▶ [DATA]:
-=-=-=-=-
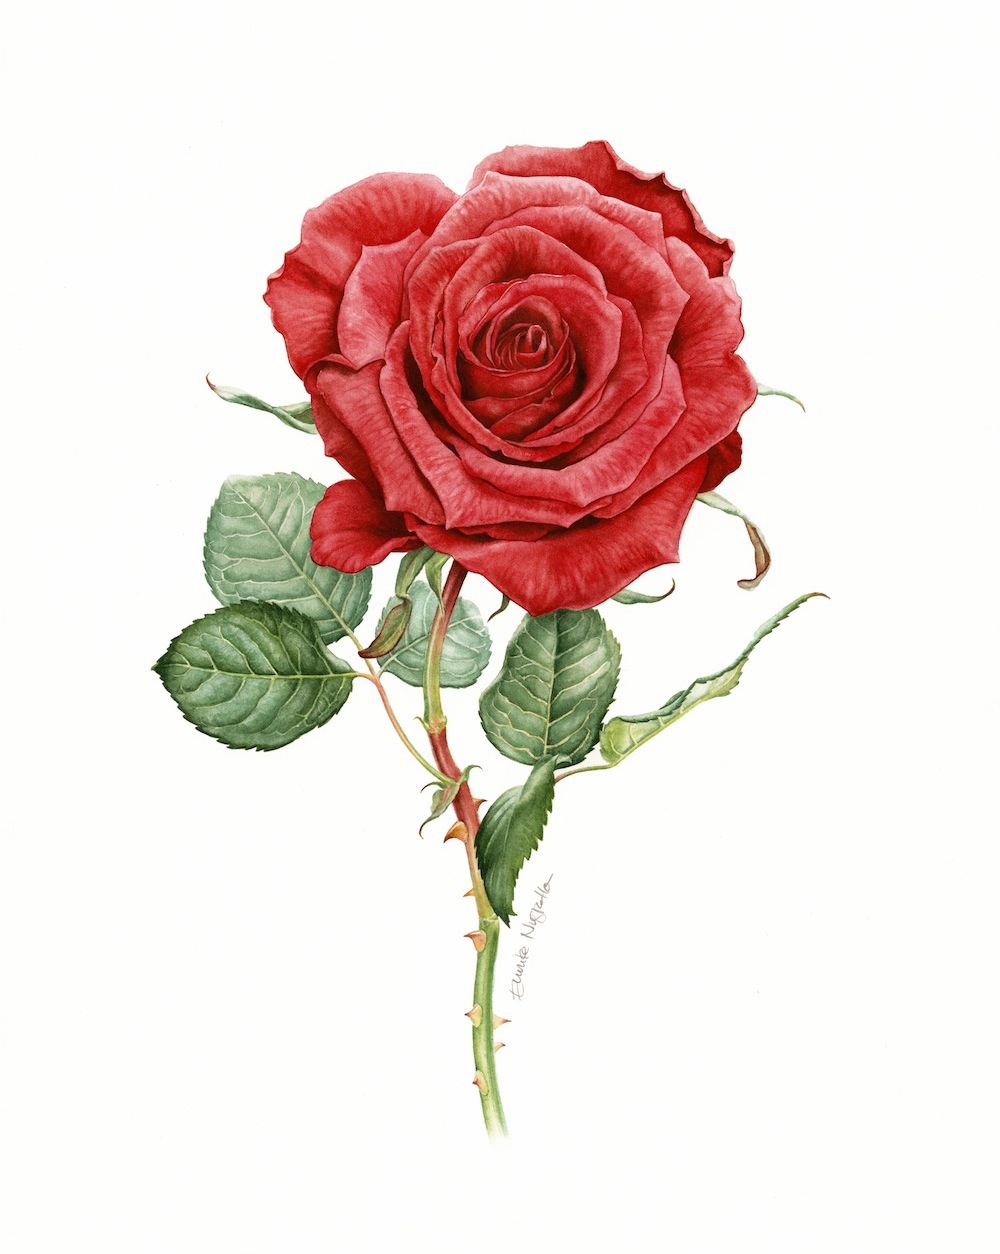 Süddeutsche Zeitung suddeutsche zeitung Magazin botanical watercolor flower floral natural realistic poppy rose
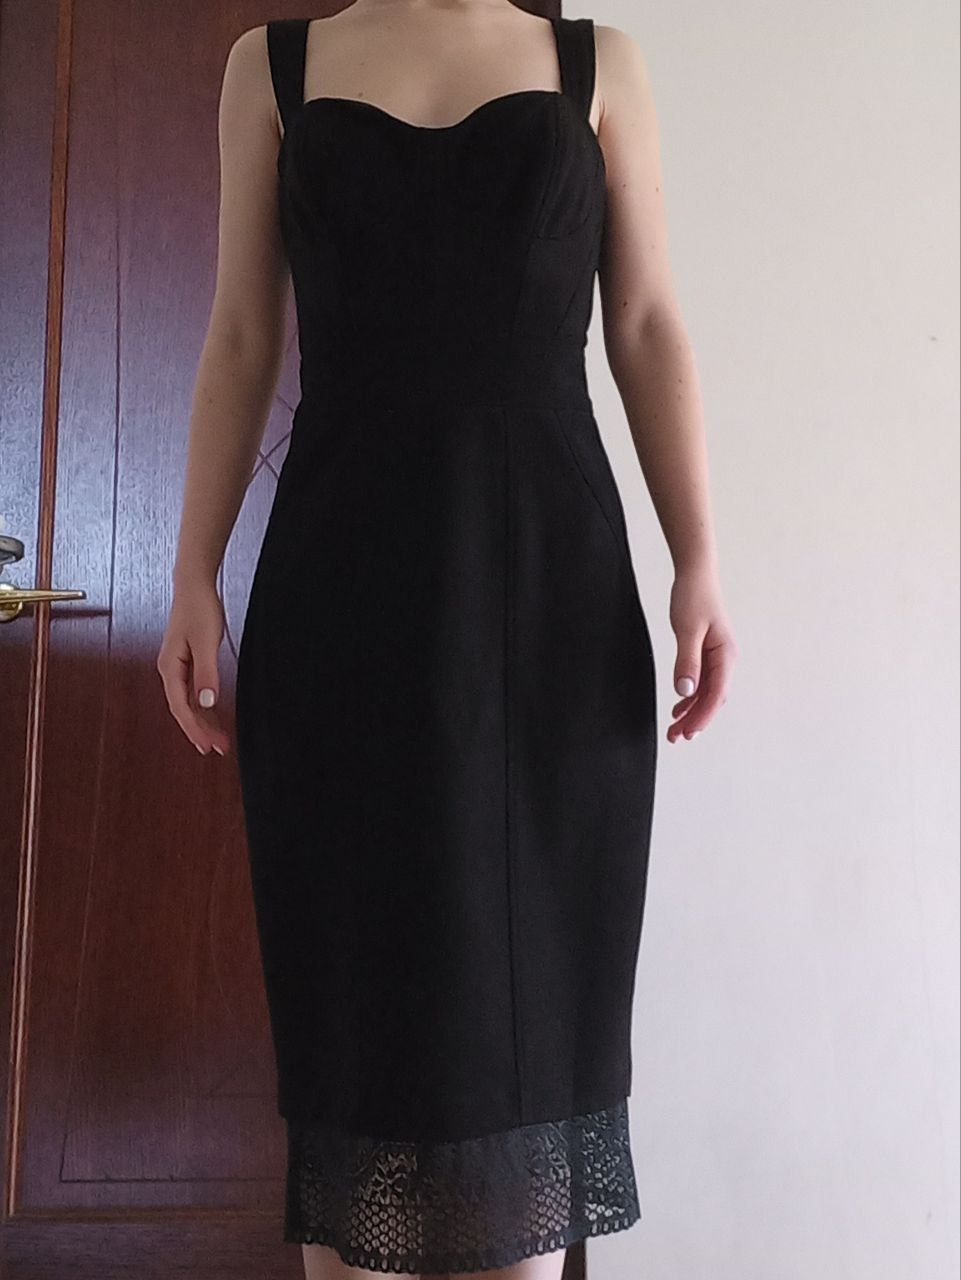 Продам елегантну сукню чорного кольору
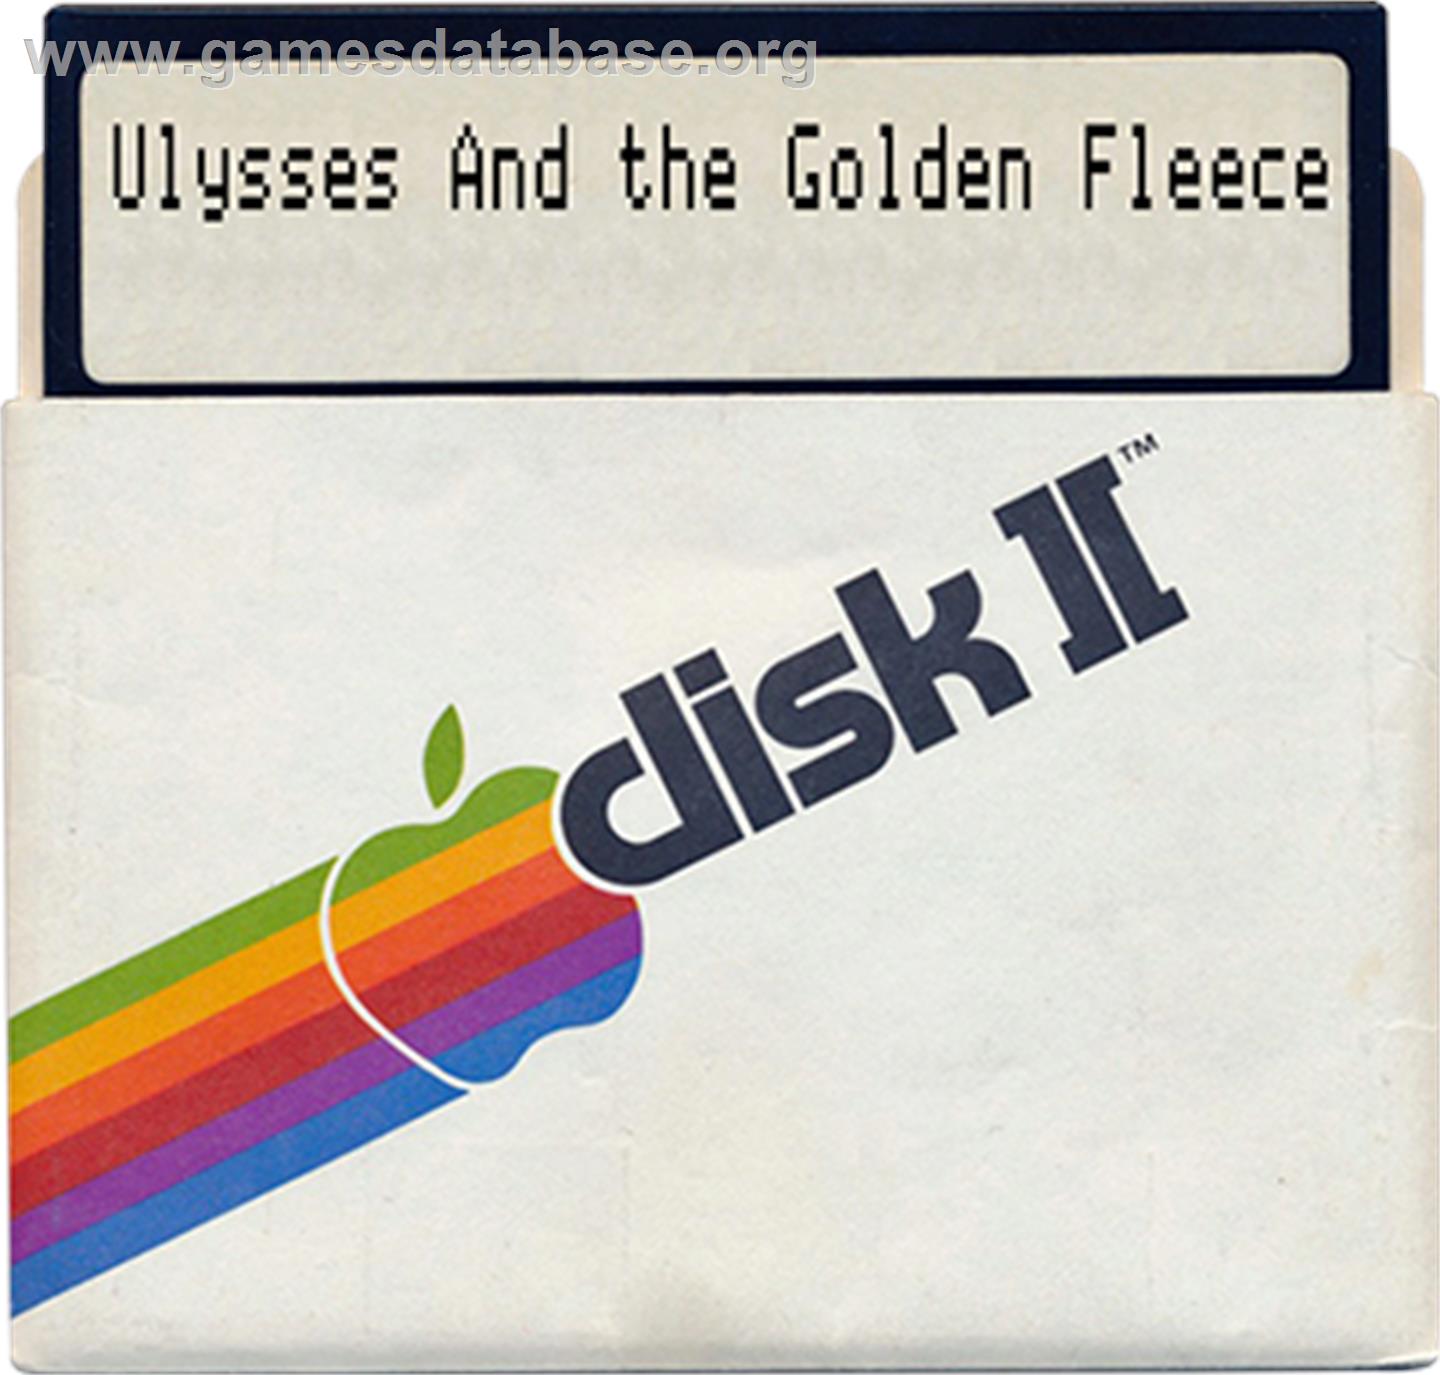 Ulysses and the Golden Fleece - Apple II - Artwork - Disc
-=-=-=-=-
▶ [ACTION ITEM]:
Without including any pictures, print all of the material exactly as given.

▶ [YOUR RESPONSE]:
 Süddeutsche Zeitung suddeutsche zeitung Magazin botanical watercolor flower floral natural realistic poppy rose
 Продам елегантну сукню чорного кольору
 Ulysses and the Golden Fleece - Apple II - Artwork - Disc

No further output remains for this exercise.